Авраам Шлёнский - Избранные стихи
Я сам исступление страстно тоскующее
о грядущей метаморфозе —
о другом человеке.
Перевод А. Кобринского
ПОСЛЕ ПРАЗДНИКА /Перевод А. Кобринского/
Кипарис похож на ритуальную ветку пальмы.
Солнце похоже на обмотанный ватой цитрон.
Мир похож на шалаш в послепраздничный день.
Ветер сдувает с этого сооружения зелень — он
на его костлявую оболочку наскакивает,
ударяет кулаками ноябрьского косноязычия:
пришло, мол, время идти на слом.
И я — оплакиваю:
священного и светского сложившееся различие.
Перевод А. Кобринского
ОТКРОВЕНИЕ /Перевод Б. Камянова/
…А отрок остался служить Господу при Илии священнике. Сыновья же Илии были люди негодные… Илия же был весьма стар…
I Самуил 2:11,12,22
Слышу, меня зовут.
Голос в ночи звучит.
— Кто тут? —
Молчит...
Эли сказал:
«Сынок!
Это — не Божий глас.
Я уже не пророк.
Зренье ушло из глаз».
Снова зовут меня.
Голос в ночи суров.
Как же осмелюсь я
Ответить, что я готов?
Полночь. Эли рыдает. Слышу его стенанья:
«Сыновья мои... сыновья...», —
И вот я уже согнулся под тяжестью мирозданья.
Отныне за всё сущее
Ответственен я.
Я знал, что Господь явится в раскатах грозовой полночи
И в небе заблещут молнии, словно осколки лун.
Я знал, что Эли состарился.
Что сыновья его — сволочи.
А я еще слишком юн.
Но ранена в сердце Вселенная и истекает кровью.
Великий Господь услышал мира предсмертный храп.

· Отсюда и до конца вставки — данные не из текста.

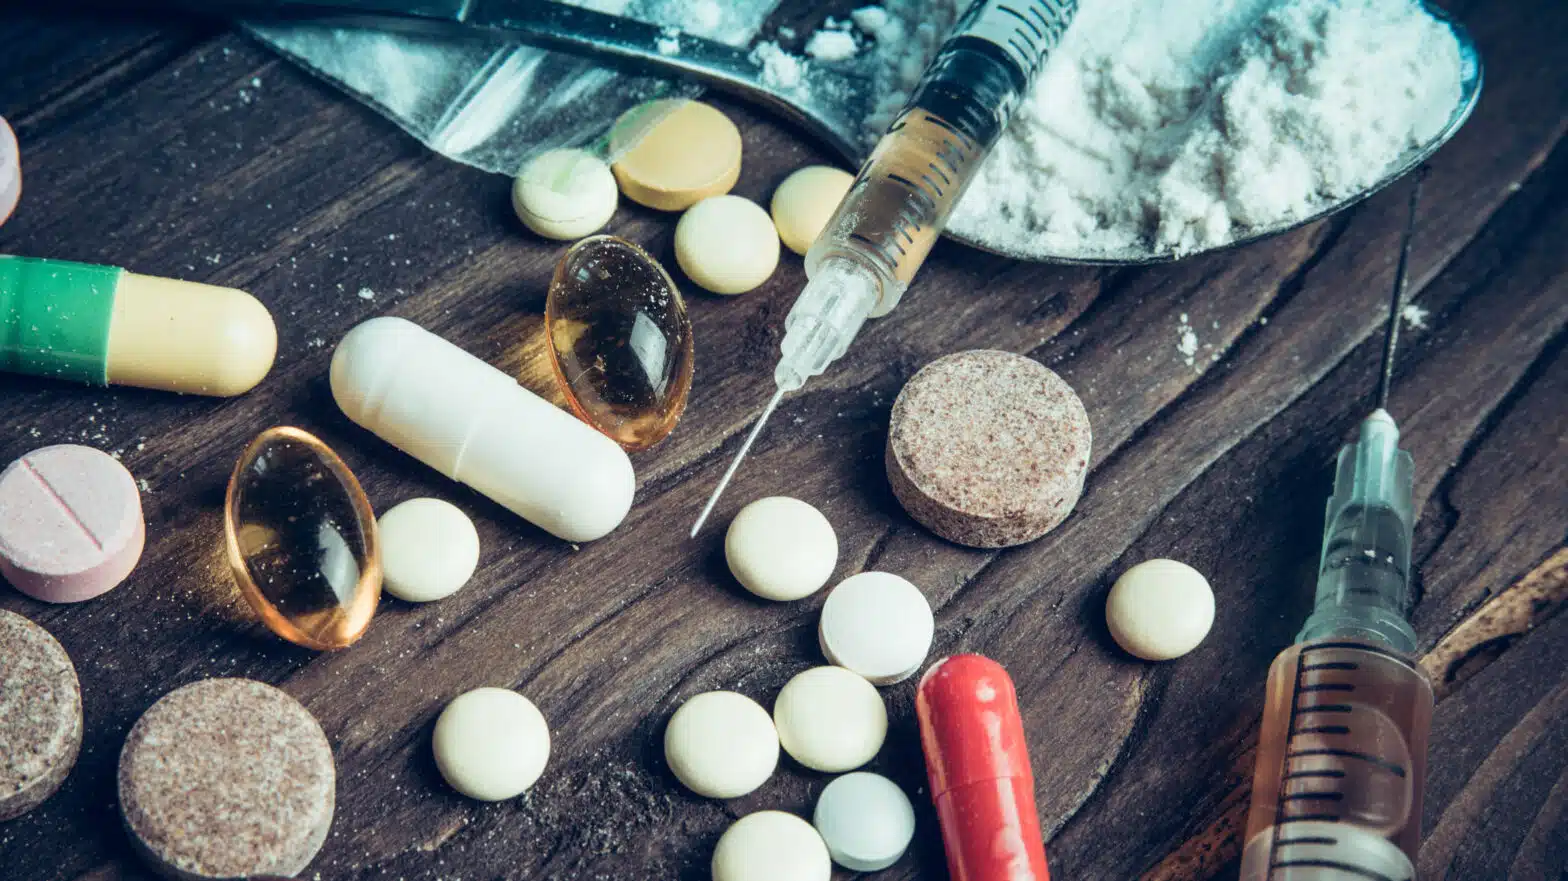 Pills, tablets, syringes, and powder on a wooden table - Top 5 Most Addictive Substances In Massachusetts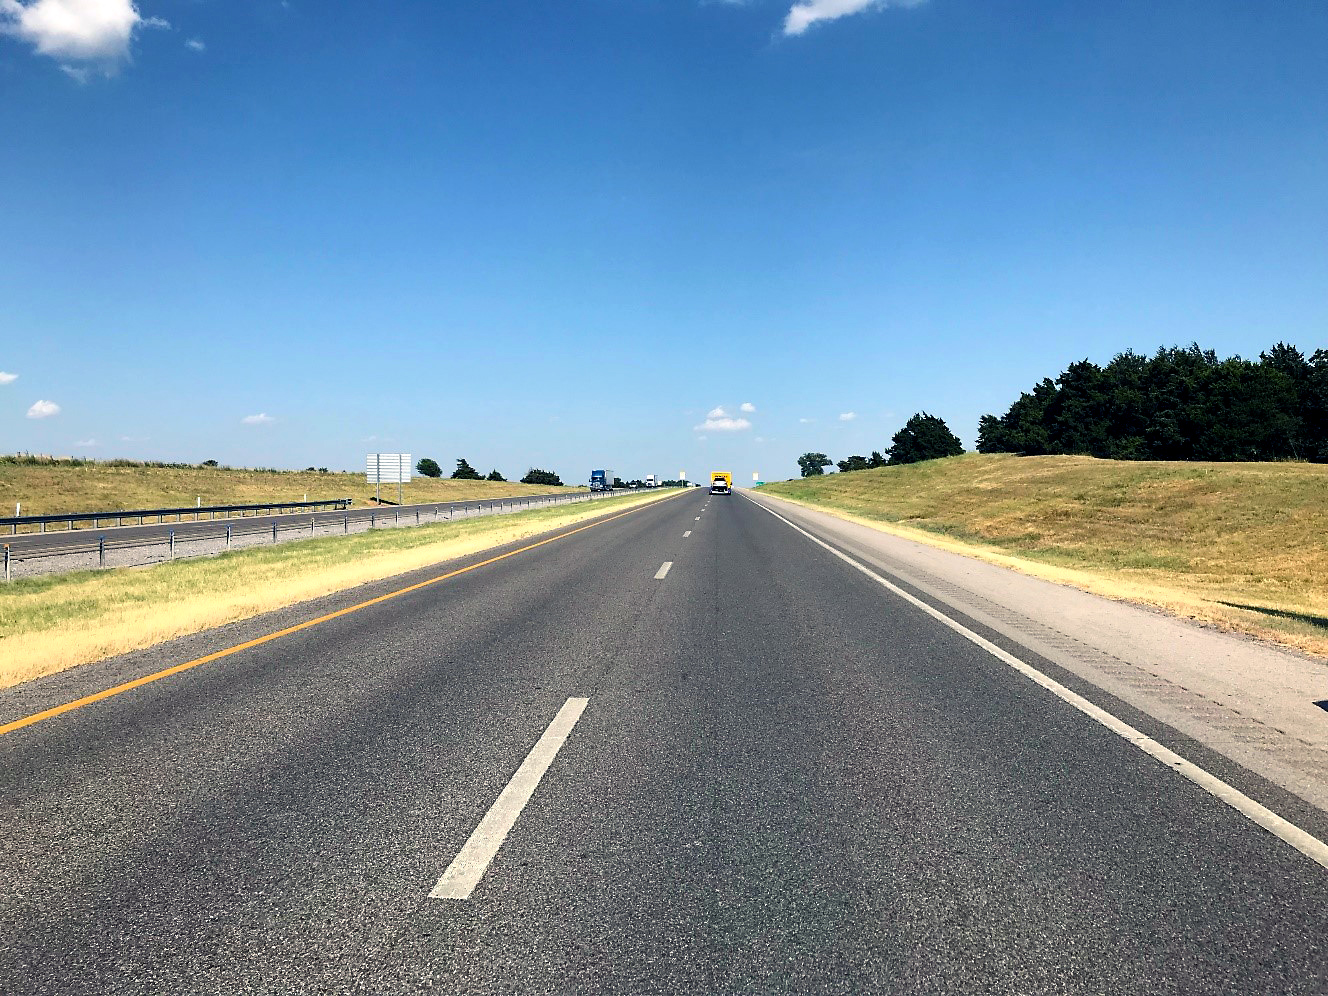 Photo of I-40 highway in Oklahoma that received a mill and overlay with HiMA in 2012.

И я отвечаю Господу с надеждою и любовью:
— Господи, Господи, ибо
Слышит Тебя Твой раб!
Перевод Б. Камянова
ТОЛЬКО В ЭТОТ РАЗ /Перевод Б. Камянова/
Давно так не было. Давно. Быть может, никогда.
Внезапно пробудилась плоть, и закипела кровь.
И вещи ожили вокруг, как легкие суда,
Что оторвались от земли и не причалят вновь.
И, как слепец прозревший, в мир уставилось окно,
Таинственный привет вдруг в воздухе повис.
И мнится мне, что мой июль уже давным-давно
Своей лобастою главой так не вздымался ввысь.
Внезапно ощутил предмет свою живую суть.
И каждый — самоуглублен и от прозренья пьян.
Так, в тайны собственной души сумевши заглянуть,
Деревья осознали вдруг секрет своих семян.
Как волей хорошо дышать! Как весело уметь
Вдох с выдохом чередовать, переходя на бег:
Рожденье — вдох, и выдох — смерть, и вновь: рожденье — смерть.
А между ними — краткий миг, протяжный, словно век.
И путь любой лежит домой, и мать — в конце пути,
Земля, и семя, и роса, и колкое жнивье.
И чувству Родины в душе родиться и расти —
Она в тебе, она внутри, — иль вовсе нет ее.
Июль в колокол судьбы пробил двенадцать раз:
Гимн зрелости твоей поет расплавленная медь.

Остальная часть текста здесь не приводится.